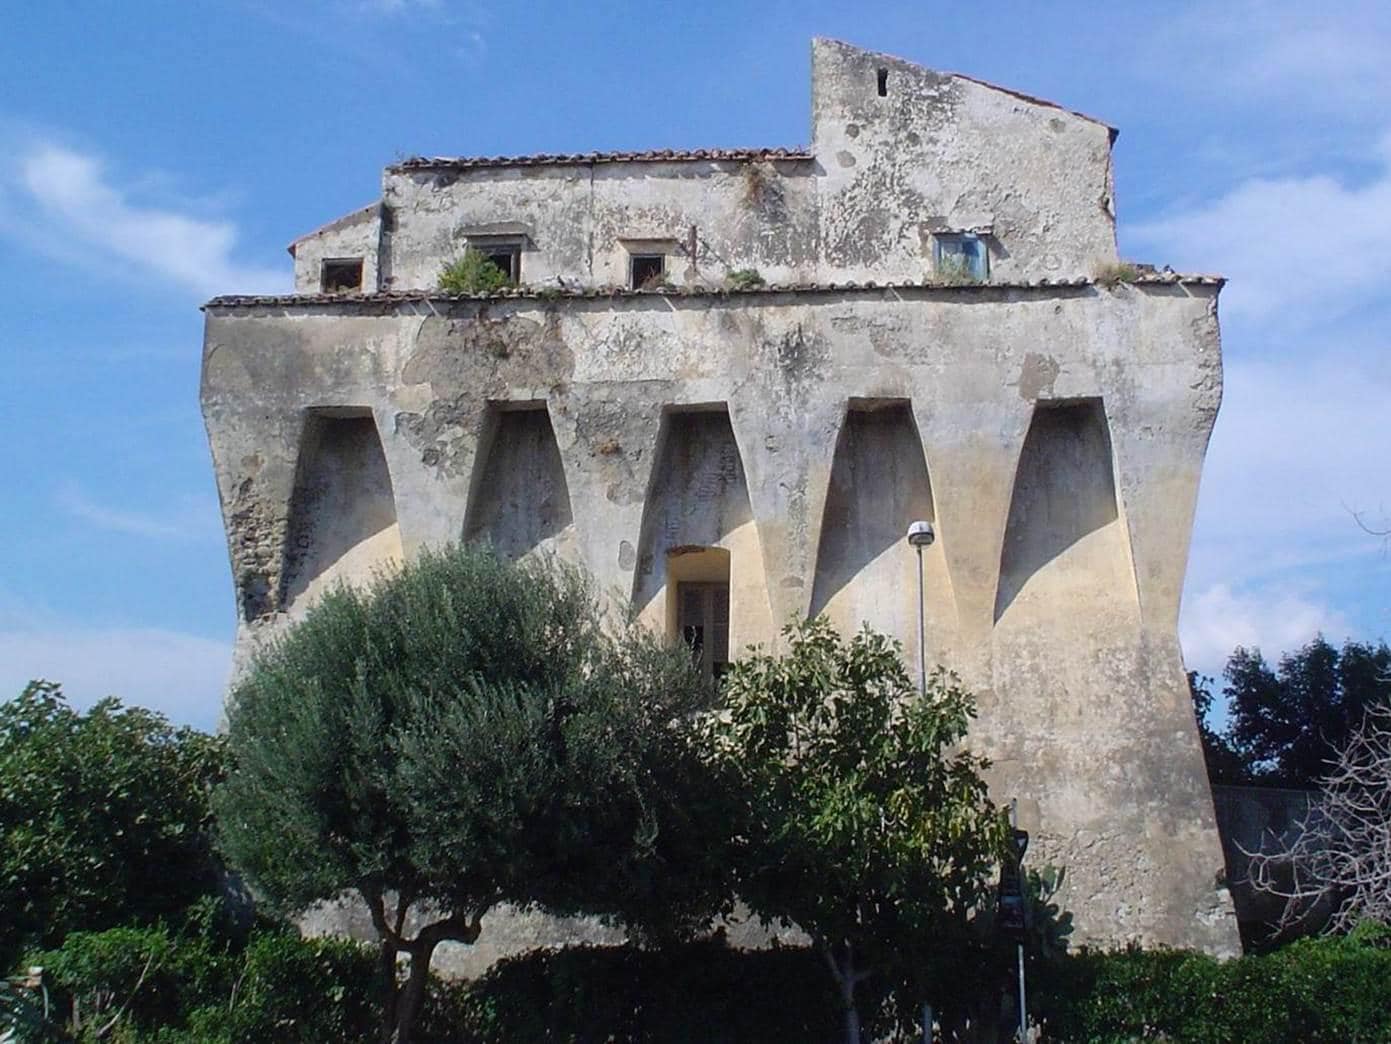 Gratis af te halen in Italië: eigen kasteel voor de ambitieuze klusser
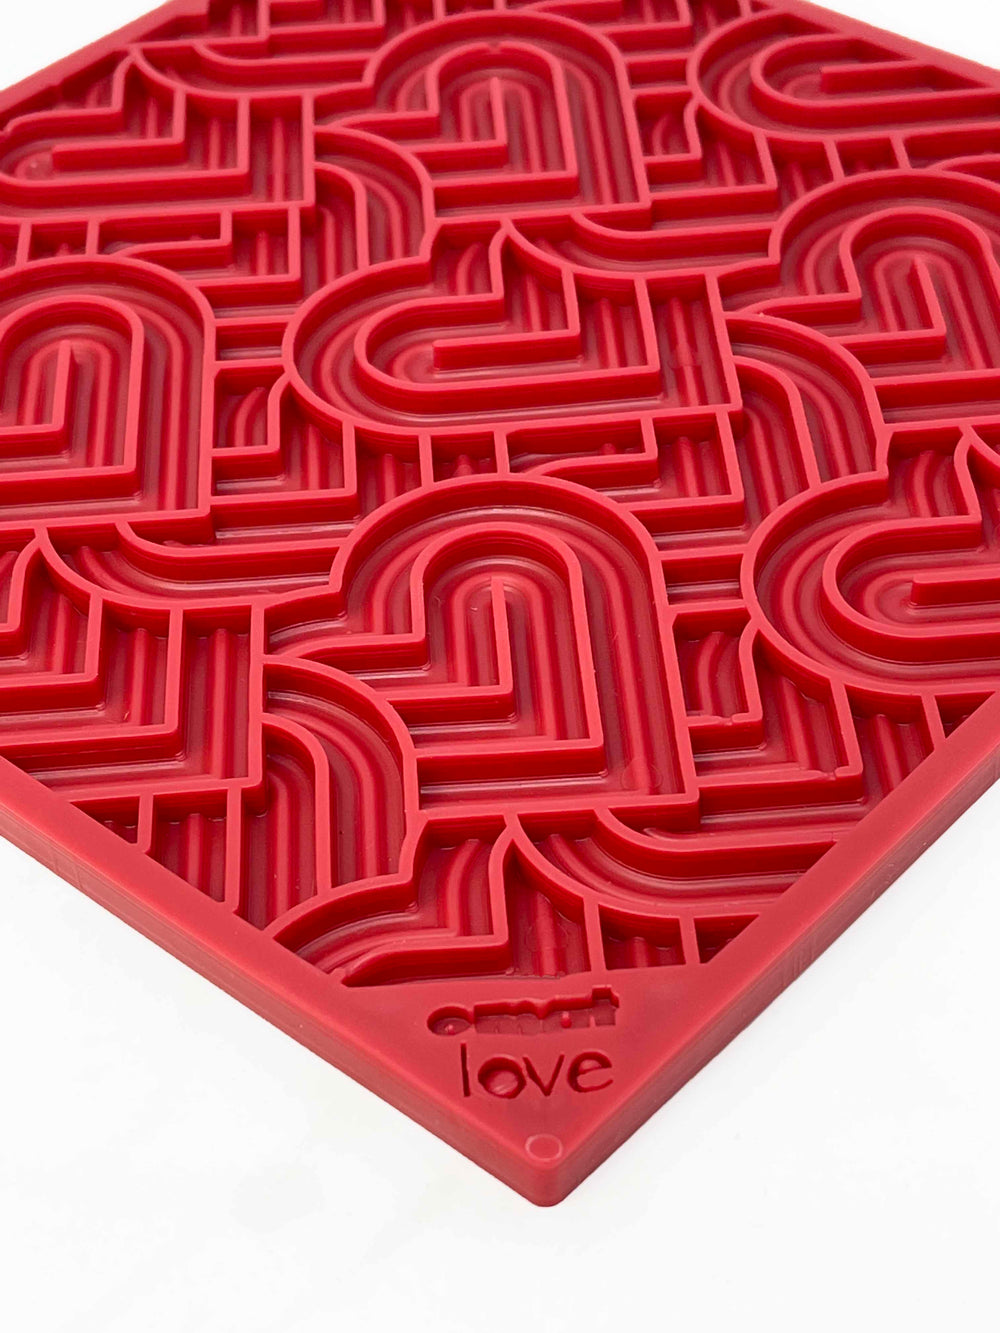 Heart Design "Love" eMat Lick Mat
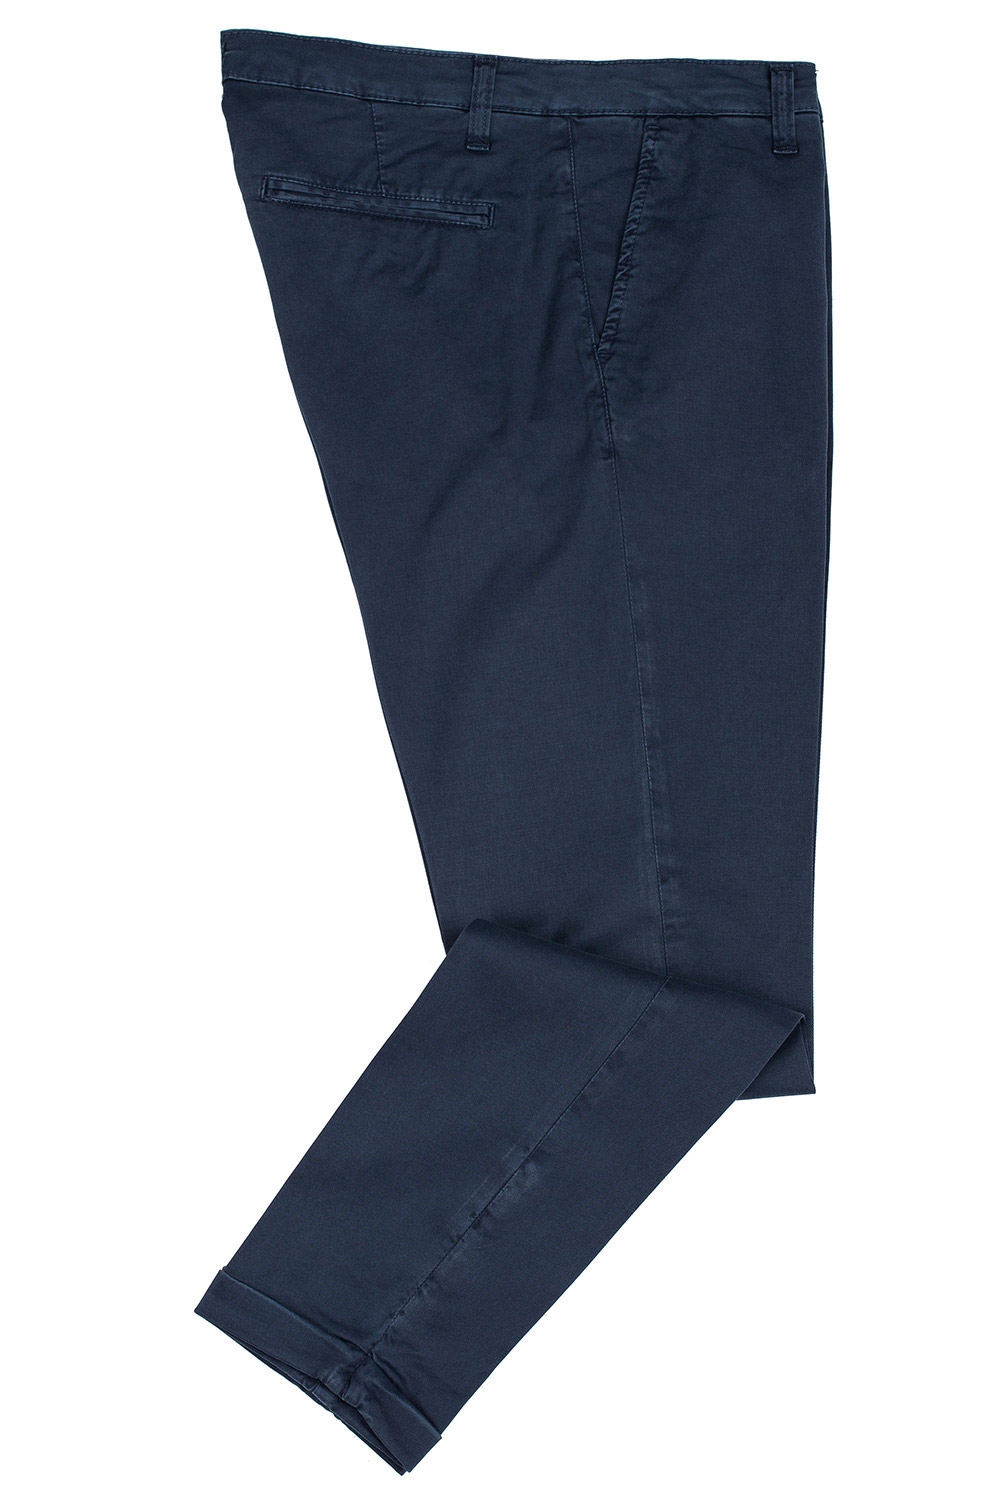 Pantaloni slim bleumarin uni 1

About this exercise » Copy the data above line for line, skipping every picture.

Result »
 Gratis af te halen in Italië: eigen kasteel voor de ambitieuze klusser
 Heart Design "Love" eMat Lick Mat
 Pantaloni slim bleumarin uni 1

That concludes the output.